City technology officers have been quietly flagging the issue since early 2025, when an internal audit of the Boston Public Library's digital collections system — which serves the main branch on Copley Square as well as 24 neighborhood locations — found that roughly 34 percent of archived image assets existed in two or more identical copies. That single finding set off a broader review across other city systems.
The timing matters. Mayor Michelle Wu's administration has made a public commitment to modernizing city data infrastructure as part of its broader progressive governance agenda, and the FY2026 budget allocated $4.1 million toward digital services upgrades citywide. Inefficiencies like duplicate image storage directly eat into those resources — and they slow down the public-facing platforms that residents actually use to access permits, property records, and planning documents.
Where the Redundancy Piles Up
The worst offenders, by volume, are systems that handle permit photography and property inspection images. The Boston Inspectional Services Department, which operates out of 1010 Massachusetts Avenue in Roxbury, processes thousands of property photos annually across neighborhoods including Dorchester and Jamaica Plain — two of the city's most active zones for housing construction and code enforcement. Inspectors uploading photos from mobile devices often generate automatic cloud backups that duplicate files before human review ever occurs.
The city's Office of Housing, which administers programs like the Acquisition Opportunity Program and tracks affordable unit compliance across ZIP codes including 02122 and 02130, faces a similar problem in its document management system. Image attachments tied to compliance filings — site photos, unit-condition records, construction progress shots — frequently arrive duplicated because multiple caseworkers download and re-upload the same materials during handoffs.
Estimates from the broader public sector suggest the scale is significant. Research published by the Storage Networking Industry Association found that duplicate files typically account for between 20 and 40 percent of total unstructured data in large organizational storage environments. Applied to Boston's current city server footprint — which technology budget documents peg at over 2 petabytes of active storage — that range implies hundreds of terabytes of avoidable data.
What Cleaning Up Actually Costs — and Saves
Deduplication software licenses for enterprise-scale systems typically run between $8,000 and $60,000 annually depending on volume tier and vendor, based on published pricing from major providers including Veritas and Commvault.

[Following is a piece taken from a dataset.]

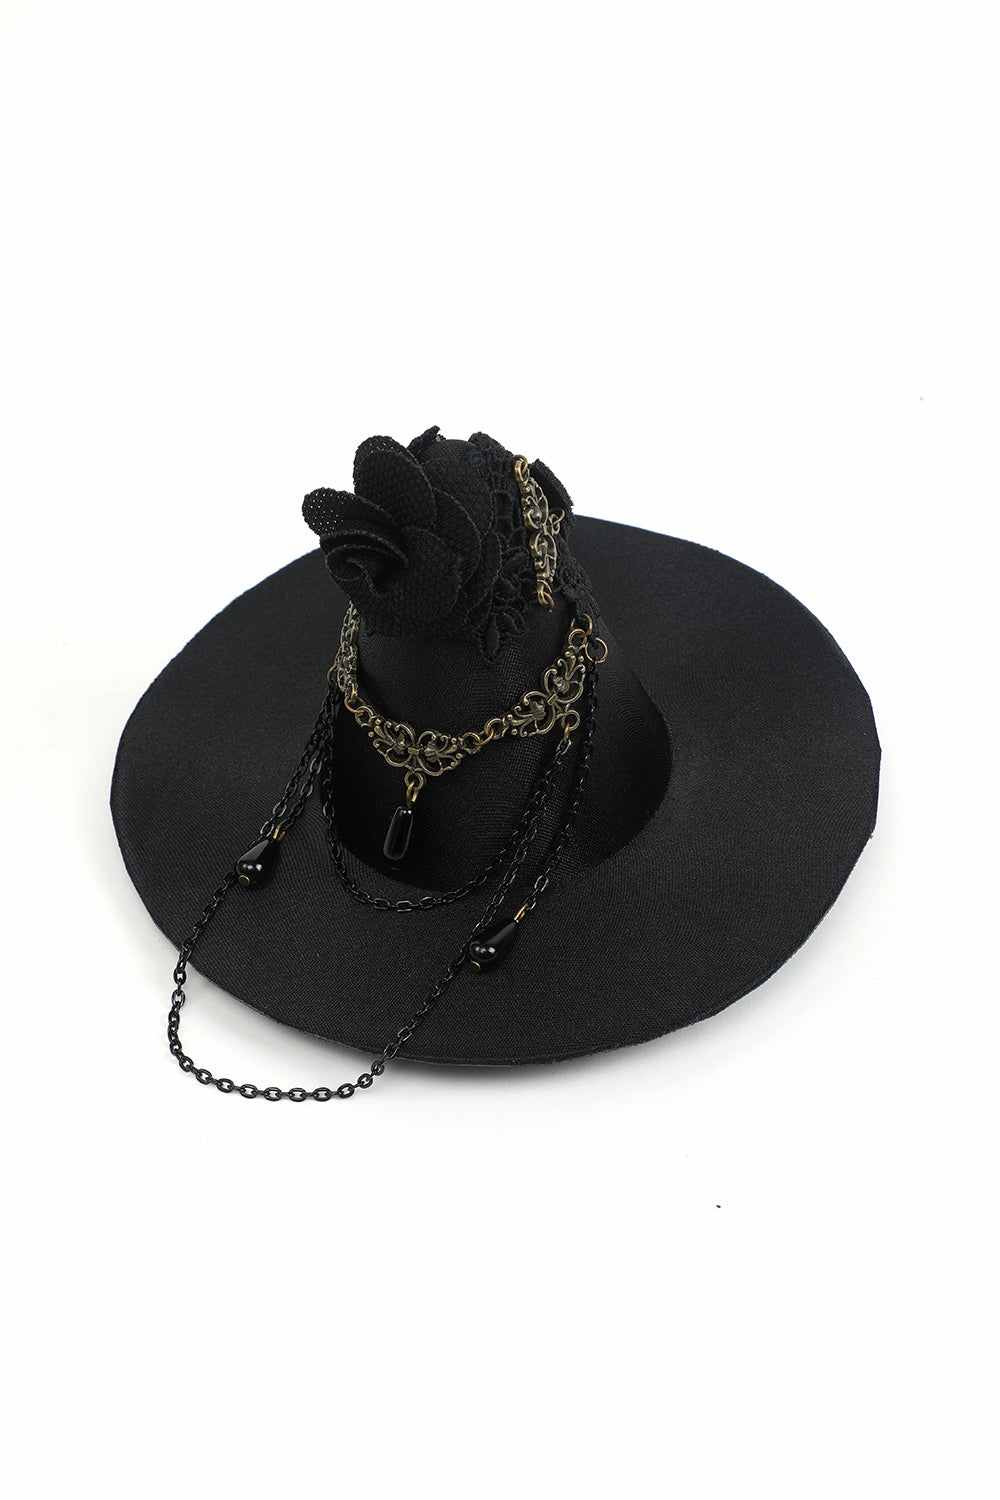 Gothic Witch Wizard Hat

For a mid-sized city department, the payback period on that investment can be less than 18 months when factoring in reduced cloud storage fees and faster retrieval times.
The MBTA, though a separate authority from the city, ran a smaller-scale pilot of automated image deduplication across its station surveillance archive system in late 2024. The transit authority has not published full results, but technology staff described the project at a January 2025 MassDOT data governance panel in Government Center as having cleared more than 12 terabytes of redundant visual data within the first 90 days.
For residents and city employees, the practical upshot is this: the longer duplicate images sit unaddressed in public systems, the slower searches run and the harder it becomes to surface accurate, current records. Anyone who has tried to pull a building permit history on a Dorchester triple-decker through the Accela online portal has likely encountered that lag firsthand.
City IT officials are expected to present a deduplication remediation roadmap to the Wu administration's Office of Digital Equity and Emerging Technology before the end of Q3 2026. Departments with the largest flagged backlogs — Inspectional Services, the Office of Housing, and the Parks and Recreation Department — are likely to receive prioritized attention. Whether off-the-shelf tools or a custom procurement approach wins out, the clock is ticking: cloud storage costs for the city are projected to increase 18 percent in FY2027 if current data growth trends continue.